*** Opening of Supplied material ***

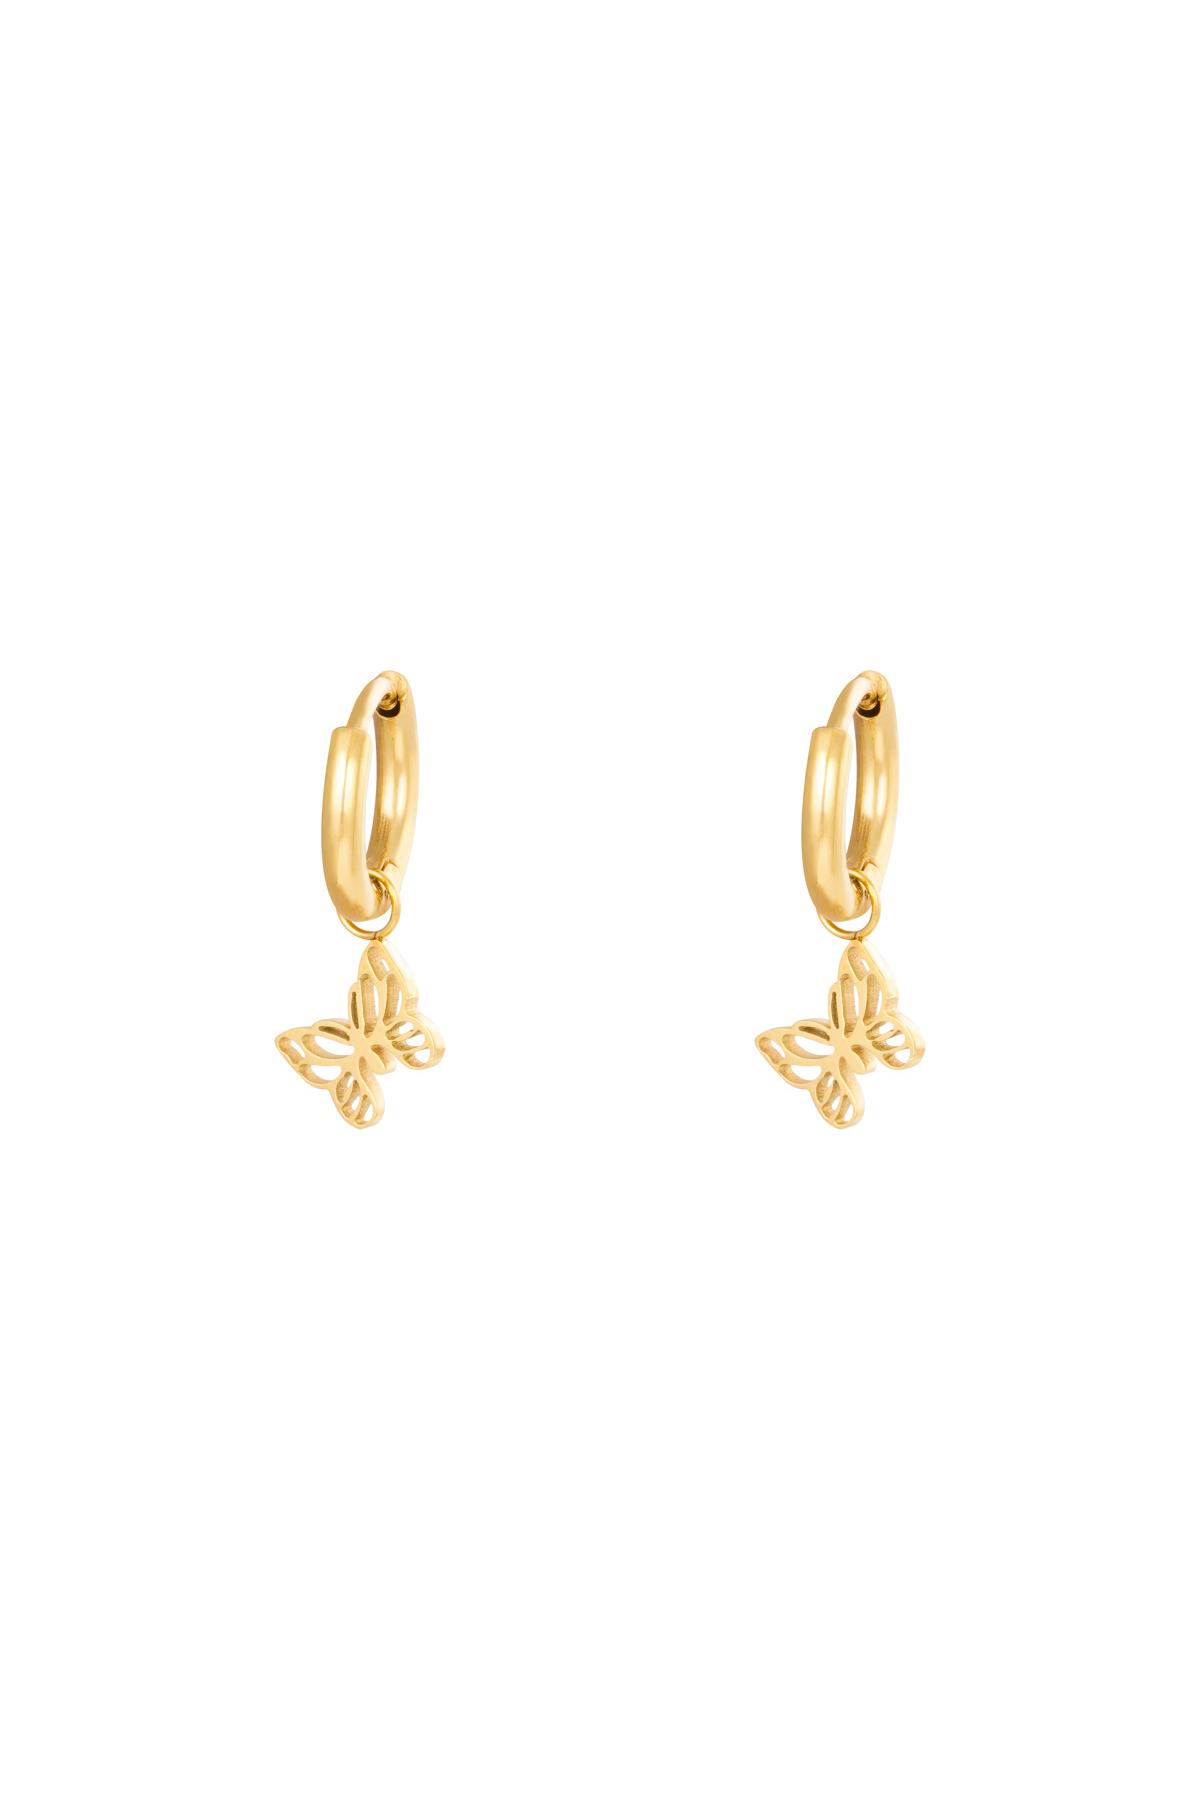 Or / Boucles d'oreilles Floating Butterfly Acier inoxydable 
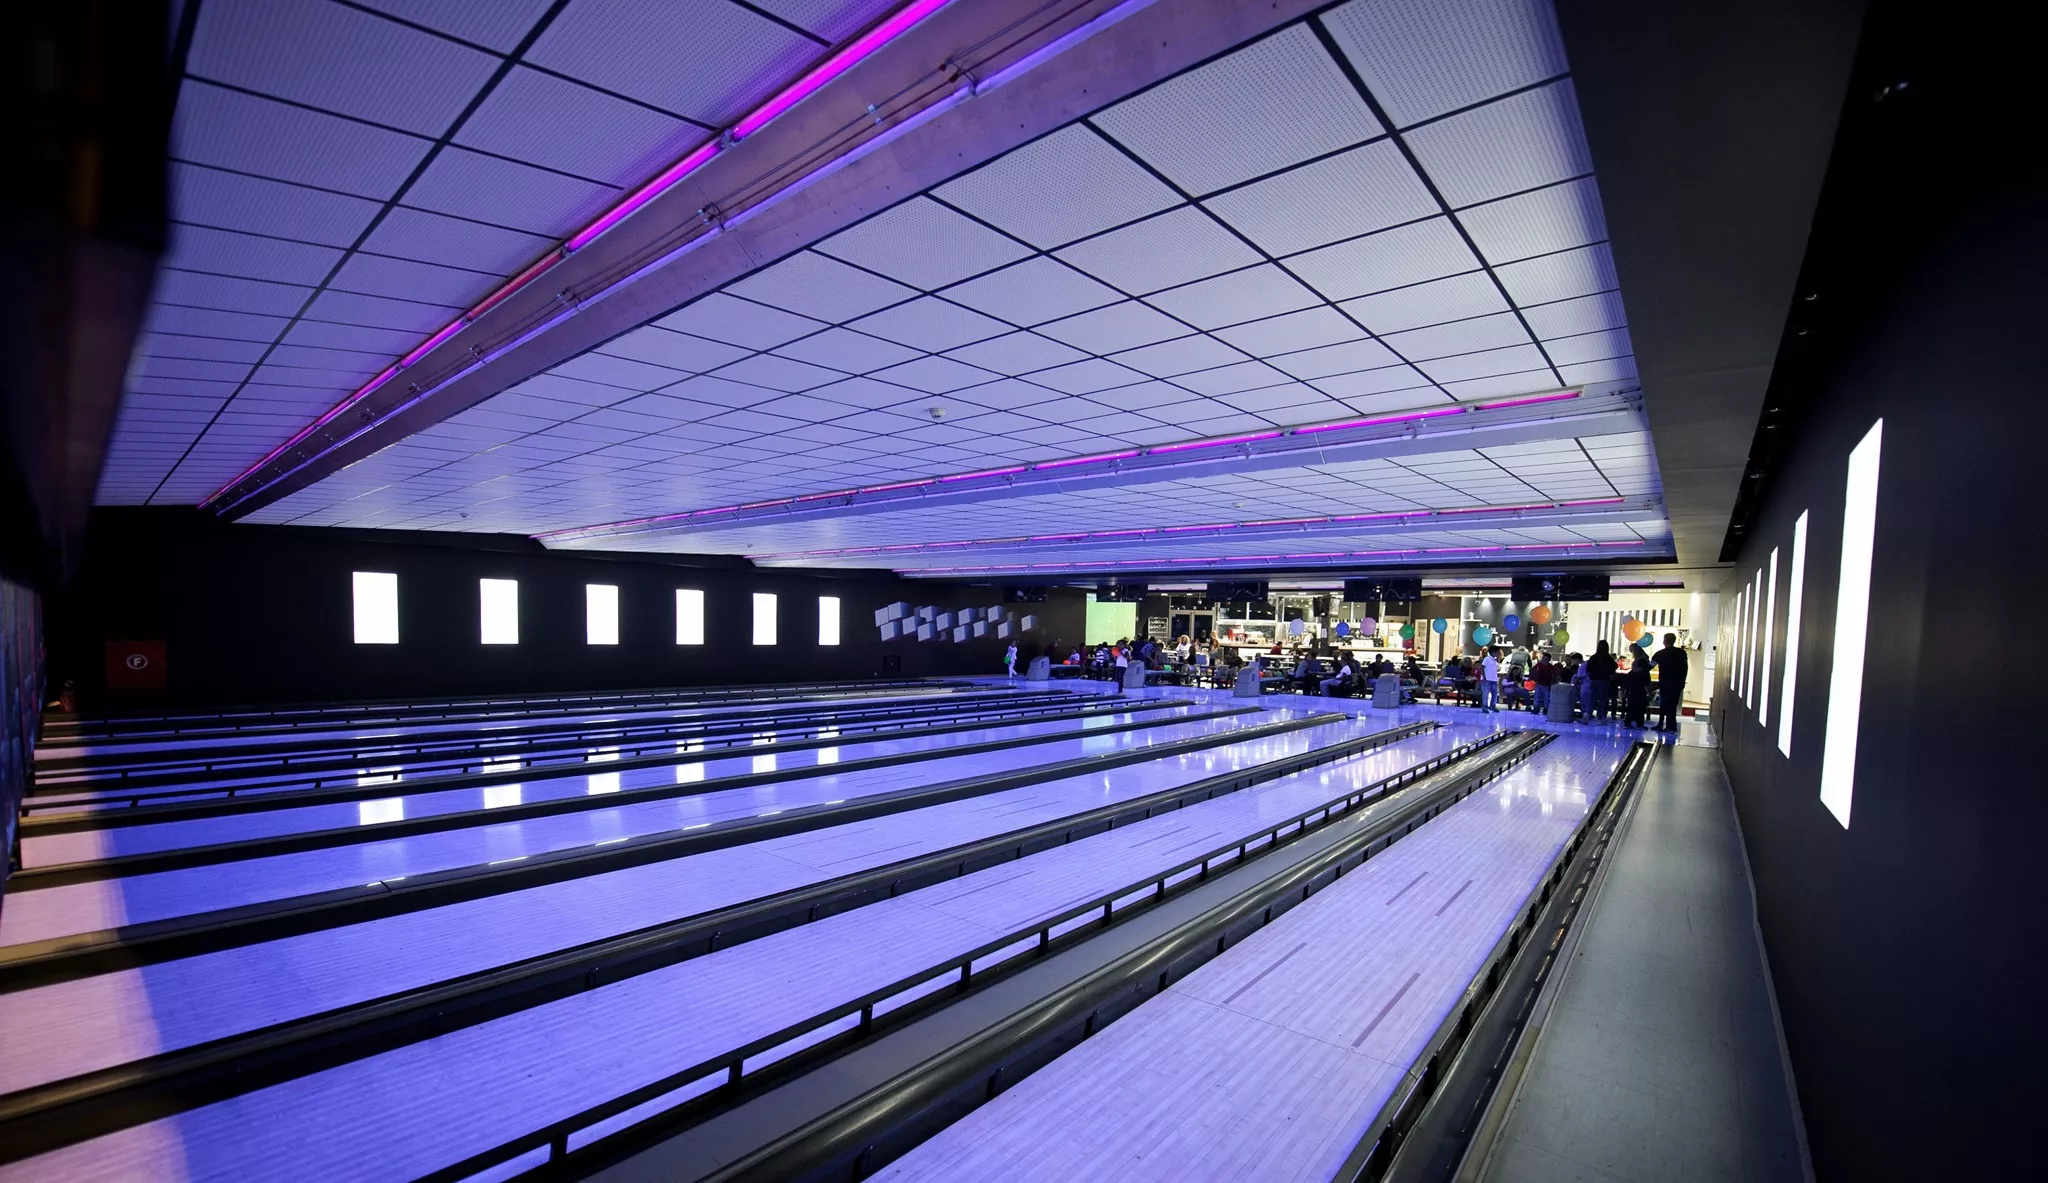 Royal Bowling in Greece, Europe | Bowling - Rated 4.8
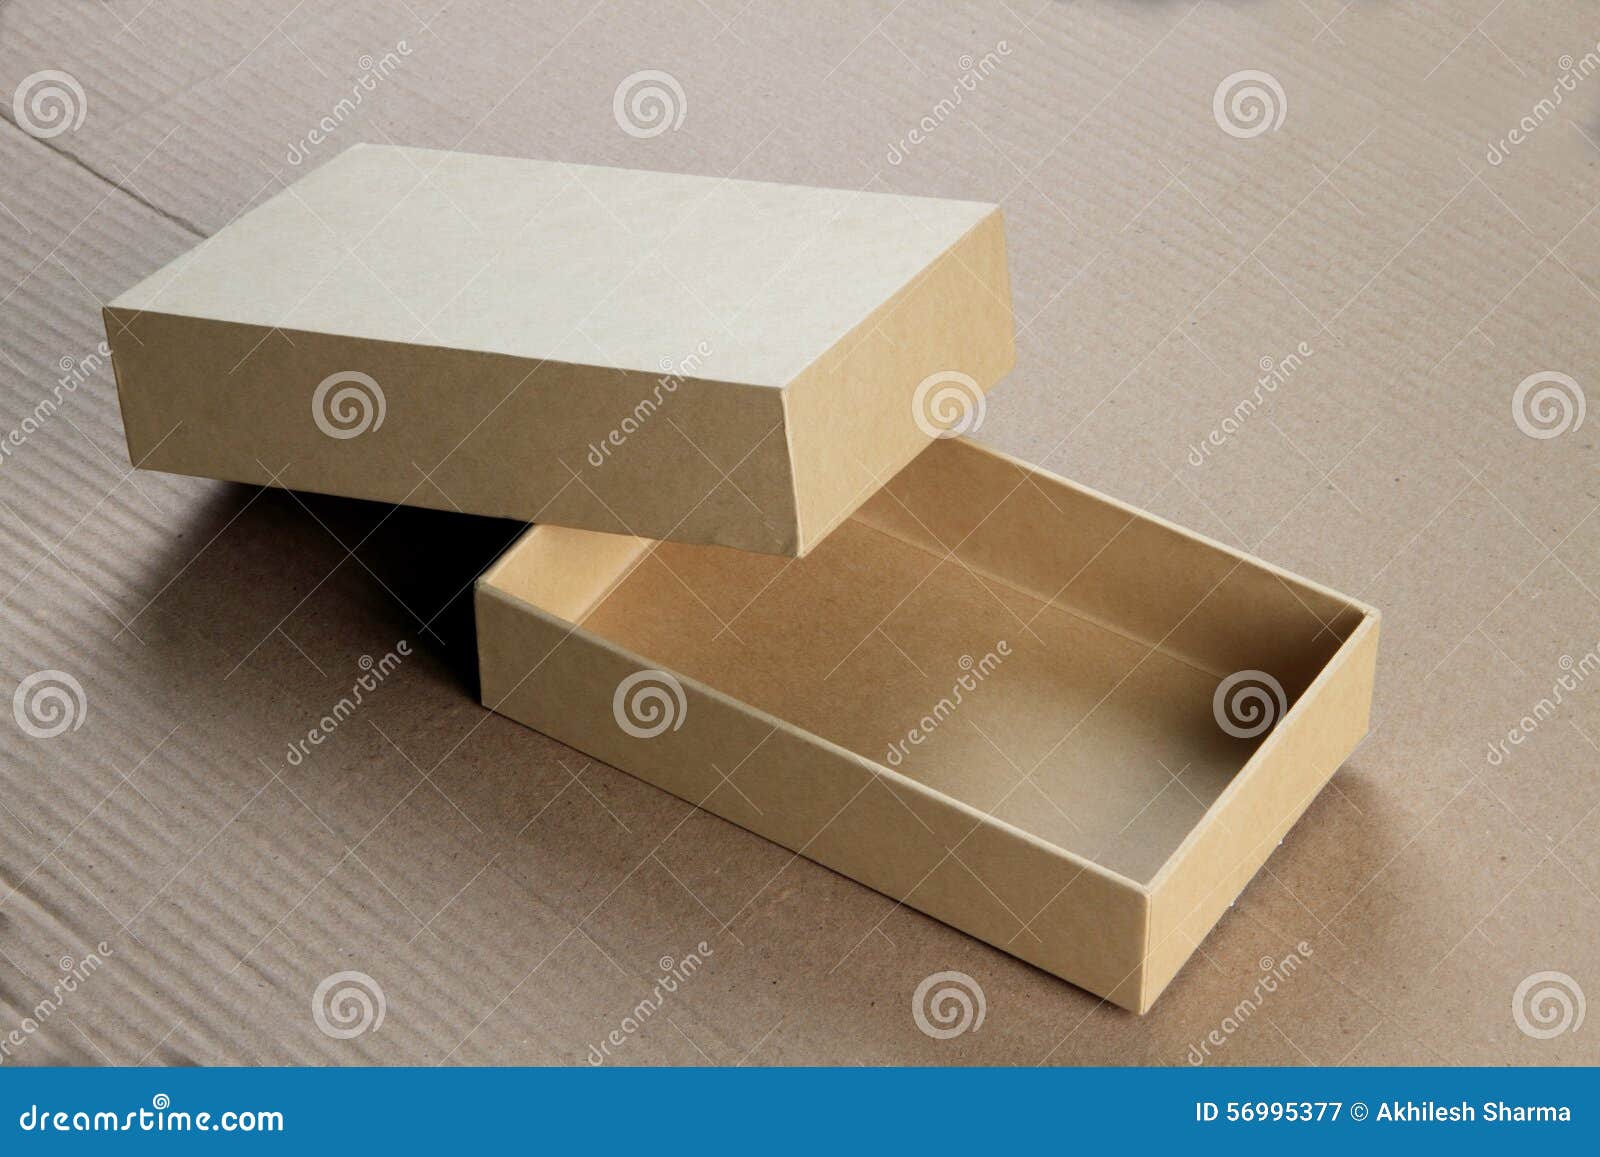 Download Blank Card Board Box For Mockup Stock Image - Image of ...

*** Close of Supplied material ***

# [What is required]
Leave out every picture and copy verbatim the lines running from the line containing "Royal Bowling in" through the final line of the data.

# [Result below]
 Royal Bowling in Greece, Europe | Bowling - Rated 4.8
 Download Blank Card Board Box For Mockup Stock Image - Image of ...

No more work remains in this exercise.